Between production jobs, Mtume and Lucas recorded with their core musicians as the group Mtume, which featured singer Tawatha Agee. Mtume described the group’s first albums as “sophistifunk,” using plush harmonies and elaborate orchestrations.

But one day, Mtume recalled, he realized that “I was playing something that sounded just like something else I had done. I got up and I walked away, and I disbanded the band, and I decided not to do any more productions.”

He put together a second lineup of Mtume, without Lucas, and turned to a style he described as “neo-minimalism,” using just a handful of instruments and fewer effects.
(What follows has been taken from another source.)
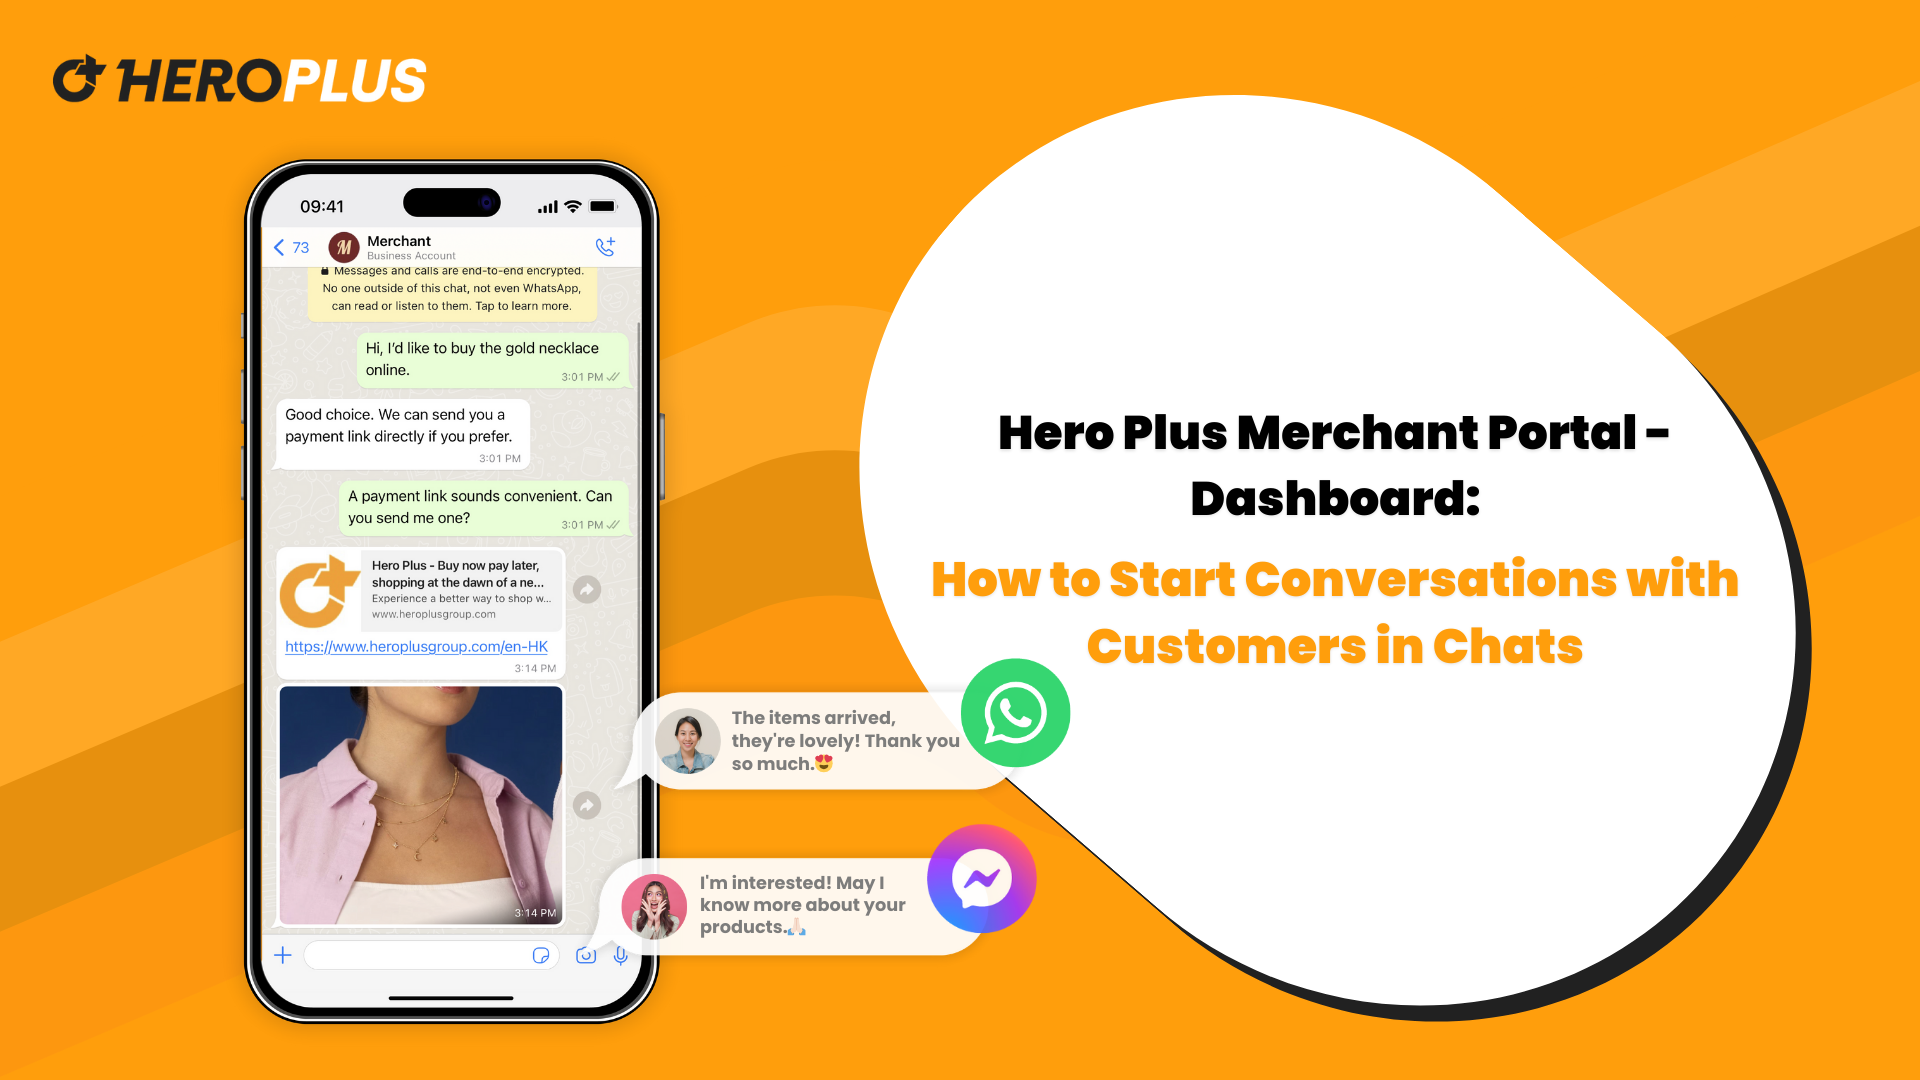 Hero Plus Merchant Portal - Dashboard: How to Start Conversations with Customers in Chats

The new Mtume lineup recorded “Juicy Fruit.” At first, Mtume’s record label, Epic, dismissed the song as too slow for daytime radio, but it became a No. 1 R&B hit.
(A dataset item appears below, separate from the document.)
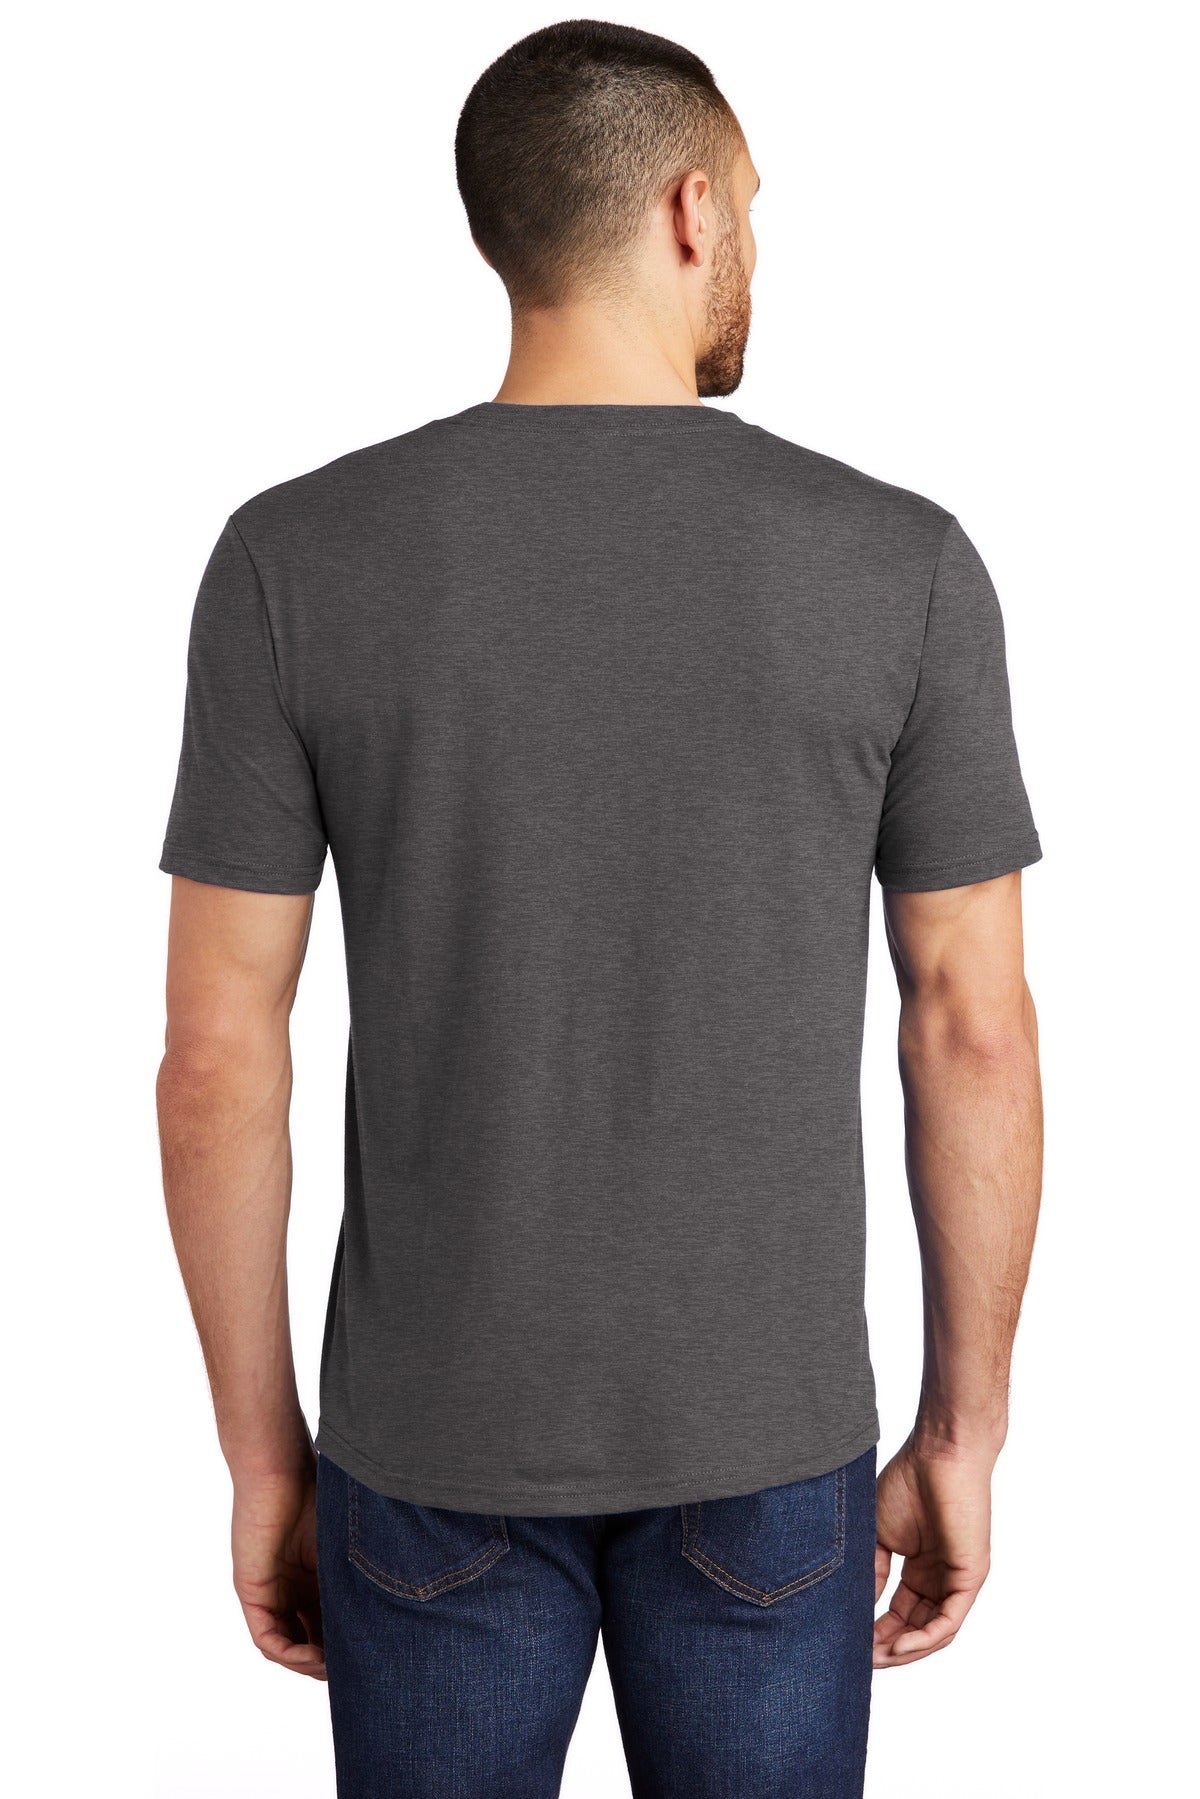 District ® Perfect Tri®Tee. DM130 [Heathered Charcoal] - DFW Impression

The title song of Mtume’s 1984 album, “You, Me and He” — a confession of polyamory — reached No. 2 on Billboard’s R&B chart. On the group’s final album, “Theater of the Mind,” released in 1986, Mtume turned to sociopolitical commentary in songs like “Deep Freeze (Rap-a-Song) (Part 1).” That same year, Mtume wrote the score for the film “Native Son” and produced a solo album for Agee.

In a radio interview in 1988, during a freewheeling era of hip-hop when samples were widely used without payment or credit, Mtume denounced hip-hop’s reliance on sampling, calling it “Memorex music” and complaining that the originators were ignored. The hip-hop group Stetsasonic responded with “Talkin’ All That Jazz,” which argued, “Rap brings back old R&B/And if we would not, people could’ve forgot.”

Eventually, sampling — by then licensed and credited — would keep Mtume’s music on the radio. “Juicy Fruit” has been sampled by Alicia Keys, Warren G, Jennifer Lopez, Keyshia Cole, Faith Evans and dozens of others, and many of Mtume’s other songs and productions have made their way onto new tracks.

In 1994, Mtume scored the TV series “New York Undercover.” At his urging, the show’s story lines featured a nightclub, Natalie’s, where an older generation of musicians, including B.B. King and Gladys Knight, got new TV exposure and younger performers revived old songs. During the 1990s, he also produced songs for Mary J. Blige, D’Angelo, and K-Ci & Jojo.

Yet by the mid-1990s, Mtume had grown dissatisfied with the music business. He moved into talk radio, and was a co-host from 1995 to 2013 on the weekly show “Open Line,” heard first on WRKS-FM (Kiss-FM) in New York and then on WBLS-FM when the stations merged, discussing politics, activism, news and culture alongside Bob Slade and Bob Pickett. Over the years, he also traveled to Cuba, Libya, Sudan and South Africa. He recorded a TED Talk in 2018, “Our Common Ground in Music,” in which he discussed “the cross-pollination of culture, politics and art.”

He is survived by his wife, Kamili Mtume; his brother, Jeffrey Forman; two sons, Faulu Mtume and Richard Johnson; four daughters, Benin Mtume, Eshe King, Ife Mtume and Sanda Lee; and six grandchildren.

“Pressing the boundaries. To me that’s always what it was about,” Mtume said in 2014. “Never give yourself a chance to look back, because that’s always easier. Looking forward is always harder.”